Tom's Hardware shows you how we test USB-attached 802.11ac wireless networking adapters.
Choosing networking gear can be a daunting process. Buying the cheapest product in this market segment is often a lousy idea due to quality issues and poor support, but purchasing the most expensive adapter for no specific reason can be equally foolhardy. Too often, we simply choose a particular brand of networking gear at the onset based on a recommendation or a sale, and simply keep purchasing it.
Product testing of Wi-Fi gear has traditionally focused on only one piece of hardware--the wireless router. While that's the central hub of a home network, it is not the only piece of equipment that should be optimized for the best networking experience. Indeed, in our testing, choosing the best wireless AC USB adapter can be equally important to choosing the right router for your application.
The ideal would be for home users to have access to several brands of equipment and to pick the components that work best after testing them. But the practical reality is that most of us buy parts one at a time as we build our networks out, without access to multiple products simultaneously. This leads to the inevitable read-through of user "product reviews" on various retailer websites. While occasionally informative, and often entertaining, it is too often unclear how a particular product really performs when there are evaluations mostly based on a lack of real data, a majority subjective, leaving the average home user at a loss to choose the best gear in an objective fashion. For a review of the technology behind wireless AC USB adapters, check out our recent USB Wi-Fi 101 article.

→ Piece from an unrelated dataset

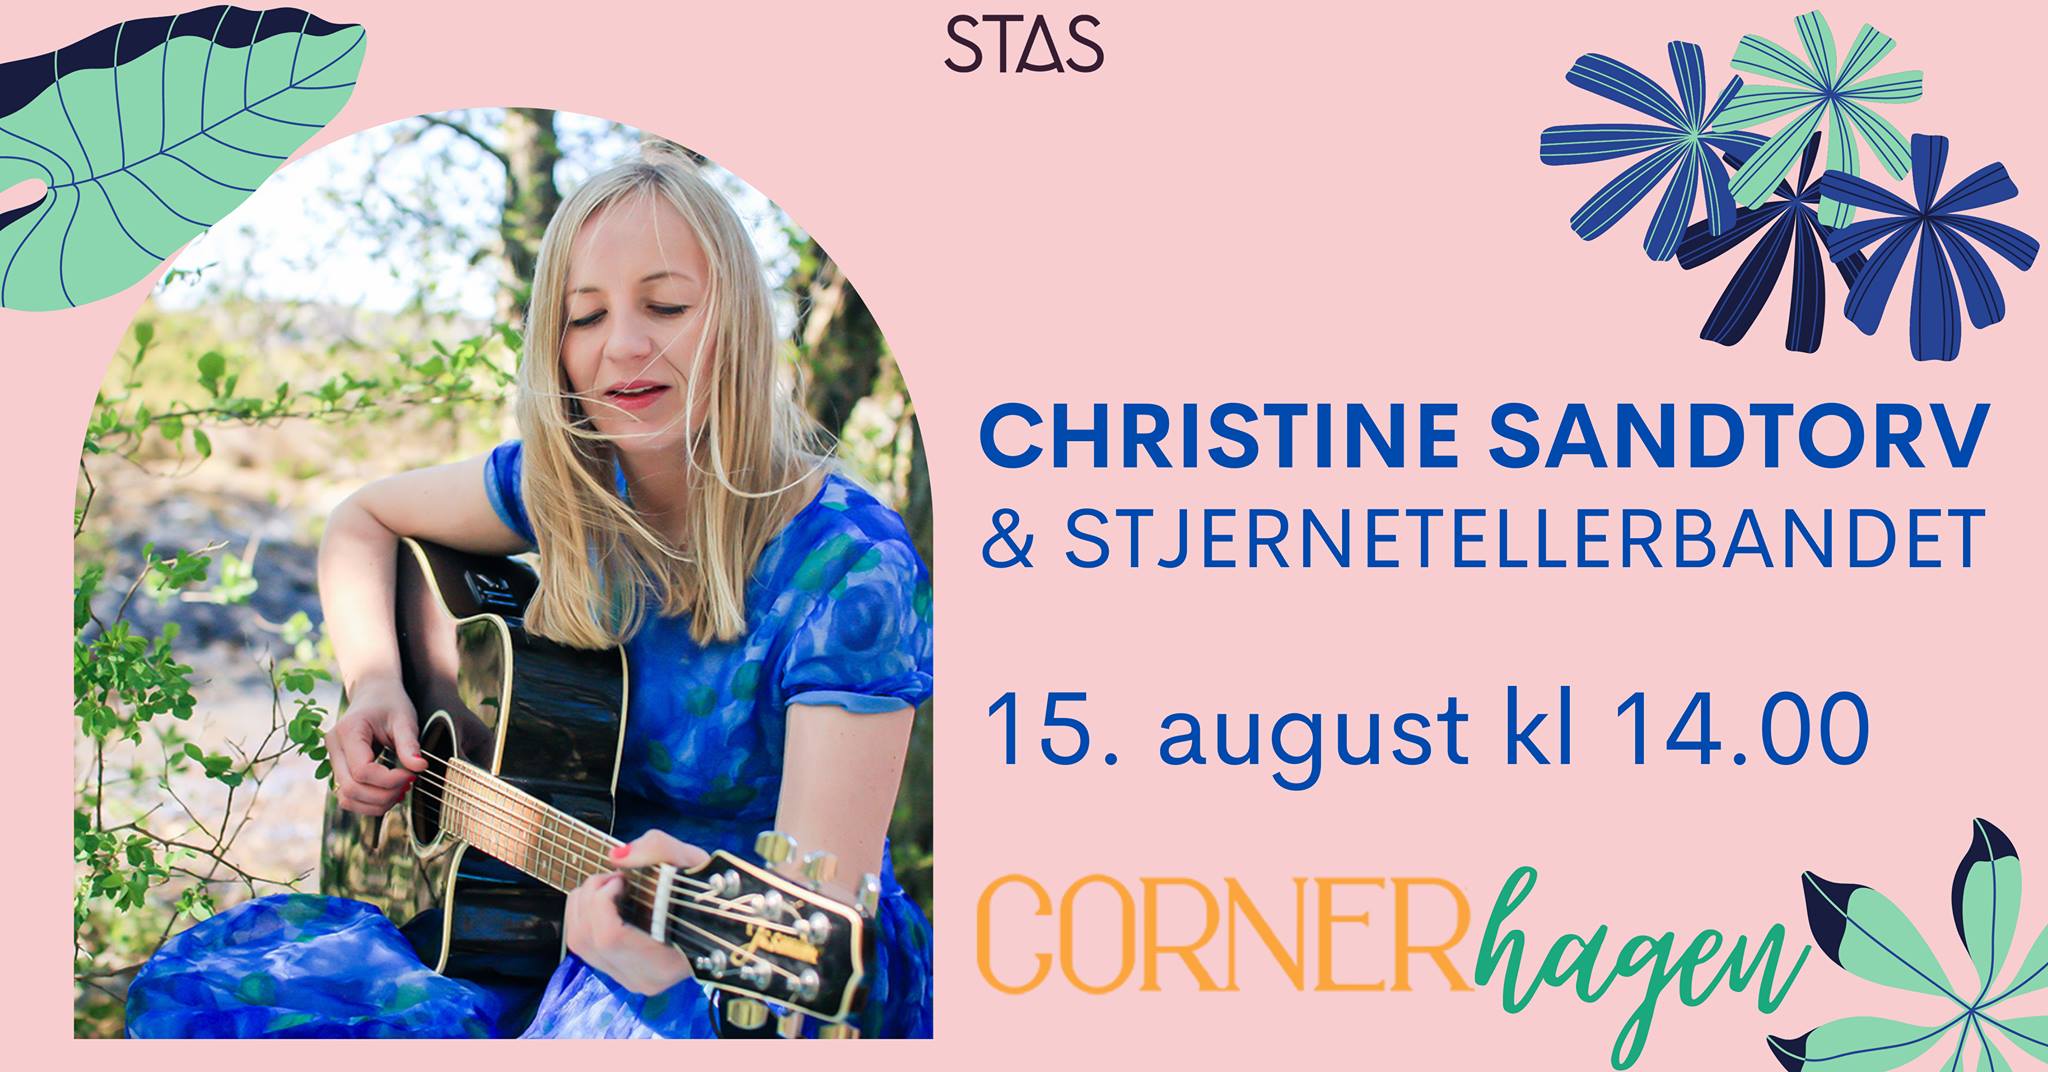 Christine Sandtorv og Stjernetellerbandet i Cornerhagen  - Stas Artist 

With that background in mind, we set out to both objectively and subjectively test wireless AC USB adapters. In the scientific method (remember that from your high school science class?) this is known as quantitative and qualitative testing.
The quantitative method focuses on data gleaned from benchmarks. It needs to be generated in a reproducible fashion, under controlled conditions. To that end, Tom's Hardware has invested in setting up a new hardware testing laboratory to generate networking results. In the area of wireless networking, the important metrics include data throughput and signal strength on the two frequencies that are used: the original 2.4GHz that goes all the way back to the 802.11b standard, as well as the 5GHz band first introduced in 802.11a. The 5GHz frequency was mostly used commercially, while more commonly used in households as part of the 802.11n specification, and was pushed to the forefront by 802.11ac.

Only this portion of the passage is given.